The first modern prison opened in London in 1816 - the new Millbank prison. It had separate cells for 860 prisoners, and proved satisfactory (to the authorities at least) thus commencing a programme of prison building to deal with the rapid increase in prisoner numbers occasioned by the ending of capital punishment for many crimes and a steady reduction in the use of transportation.

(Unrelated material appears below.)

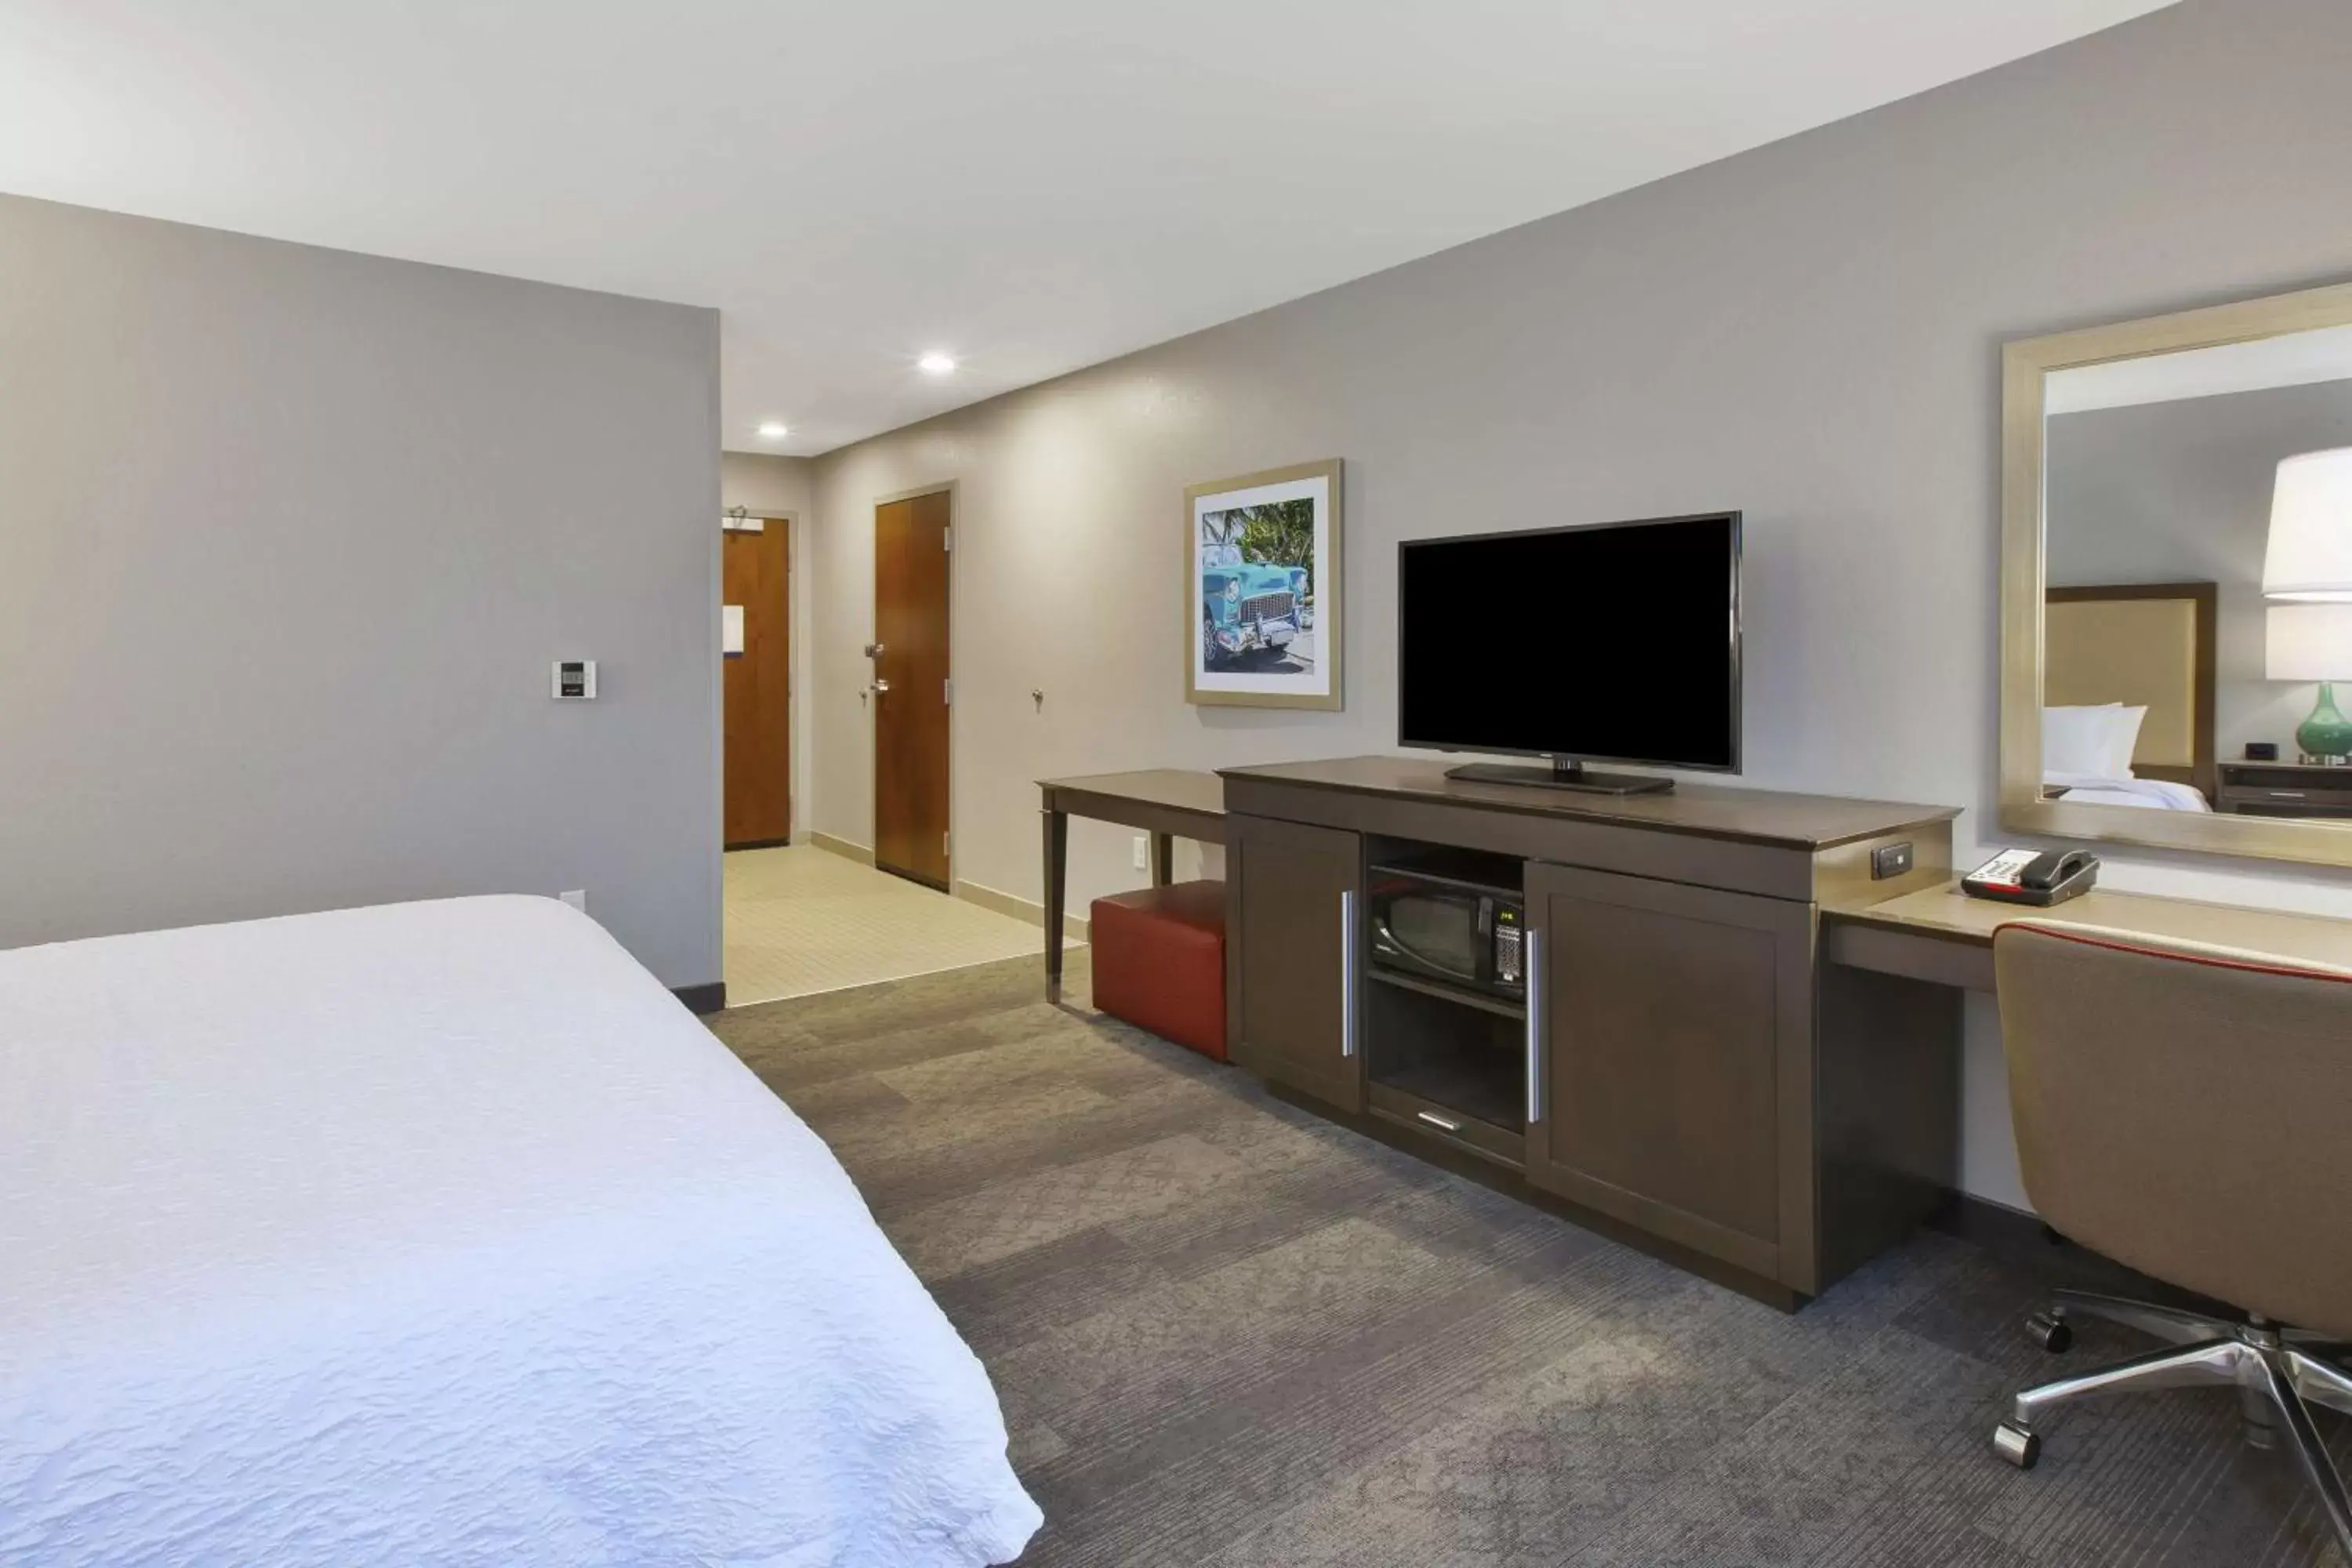 Bedroom, TV/Entertainment Center in Hampton Inn by Hilton Detroit Dearborn, MI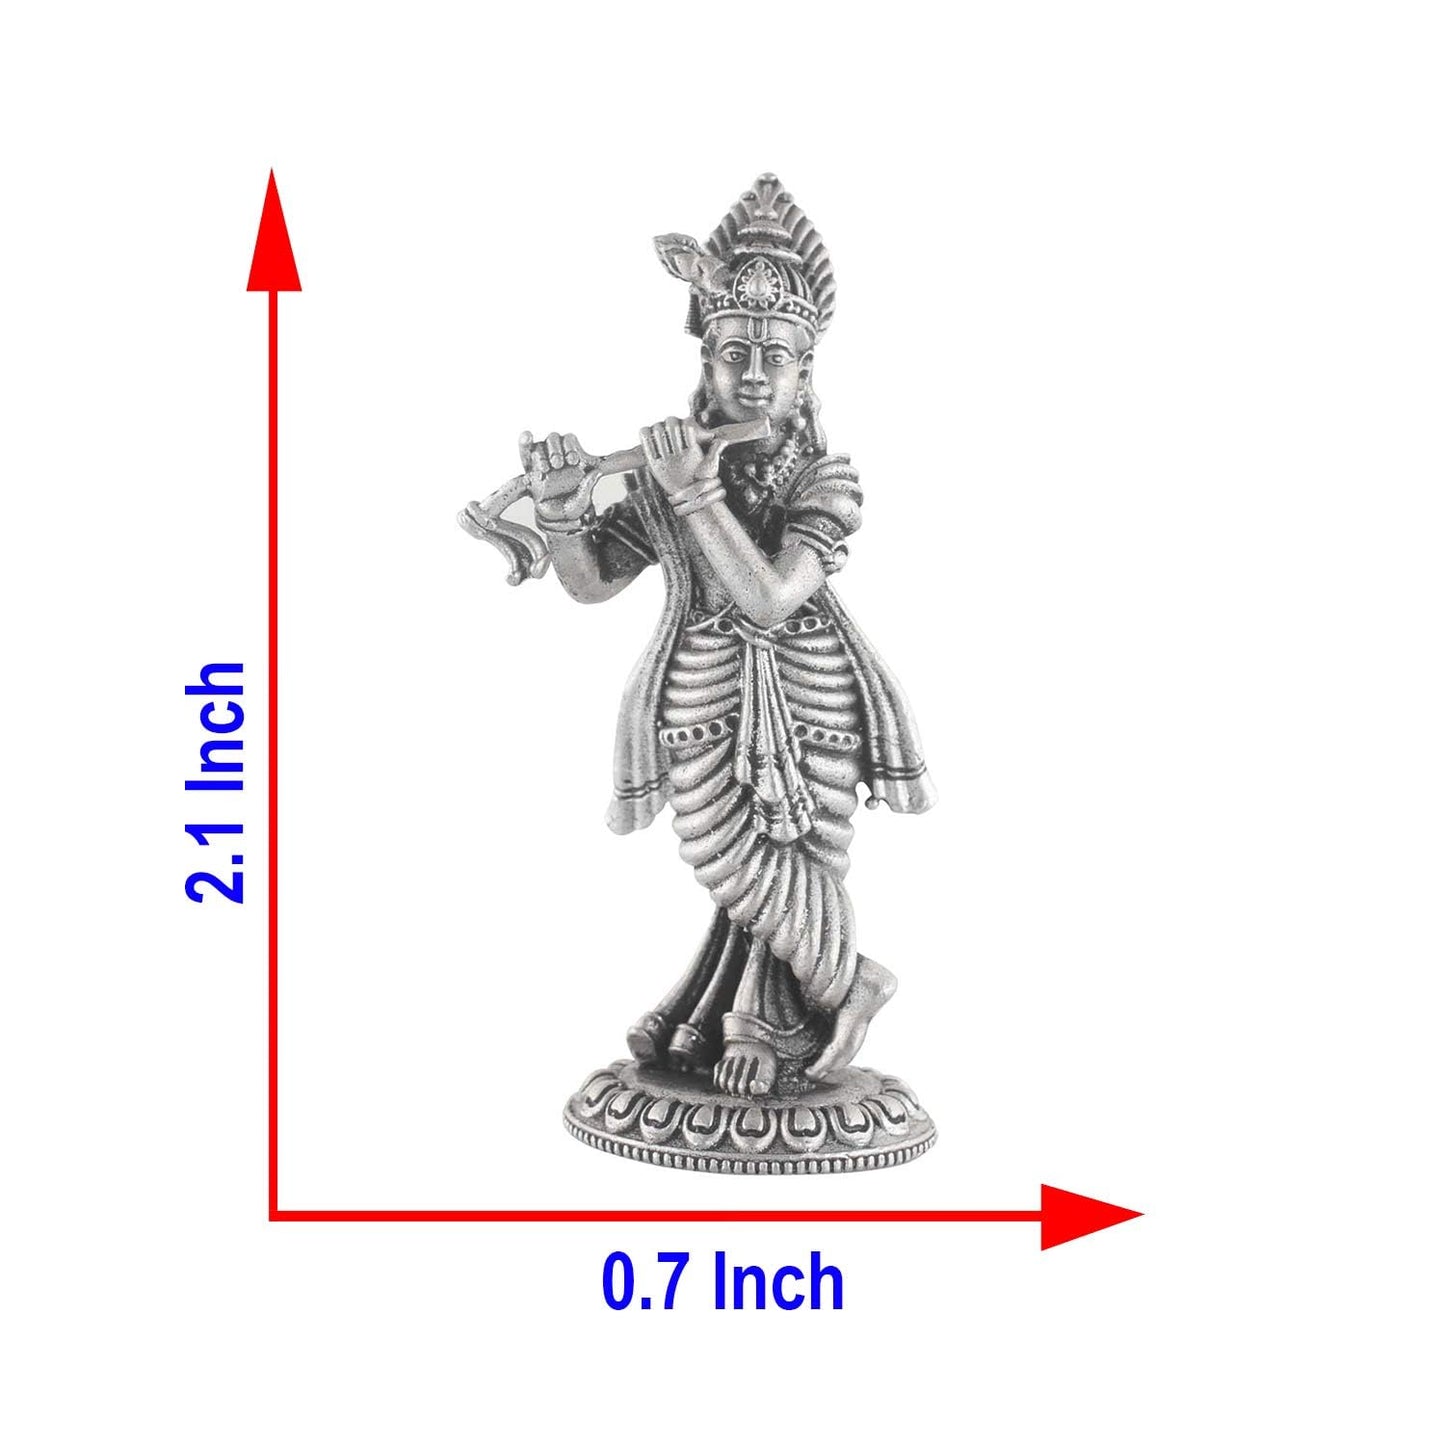 size of krishna idol

Two Acts of Parliament were passed allowing for the building of Pentonville prison for the detention of convicts sentenced to imprisonment or awaiting transportation. Construction started on the 10th of April 1840 and was completed in 1842. The total cost to build the new prison was £84,186 12s 2d. Its design consisted of a central hall, with five radiating wings, all of which are visible to staff positioned at the centre. (This design, intended to keep prisoners isolated from each other -- the "separate system" first used at Pennsylvania's Eastern State Penitentiary -- was not, as is often thought, a panopticon. Guards had no view into individual cells from their central position.) Pentonville was originally designed to hold 520 prisoners under the separate system, each having his own cell, 13 feet long, 7 feet wide and 9 feet high. Conditions were vastly better and healthier than at Newgate and similar older prisons and each prisoner was made to undertake work, such as picking coir (tarred rope) and weaving. Pentonville became the model for British prisons and a further 54 were built to the same basic design over the next 6 years, and hundreds throughout the British Empire. The cost of keeping a prisoner at Pentonville was about 15s. (75p) a week in the 1840's. Prisoners under sentence of death were not housed at Pentonville until the closure of Newgate in 1902 when it took over responsibility for executions in north London. Condemned cells were added and an execution room built to house Newgate's gallows which were transferred to it.

The closest tube station is Caledonian Road.

Famous residents

The singer Pete Doherty spent four nights here in February 2005 on charges of robbery and blackmail, and beginning January 27th, 2006 he will spend at least two weeks on multiple drug charges. The actor John Alford spent six weeks here in 1999 after being convicted of selling illegal drugs to a reporter.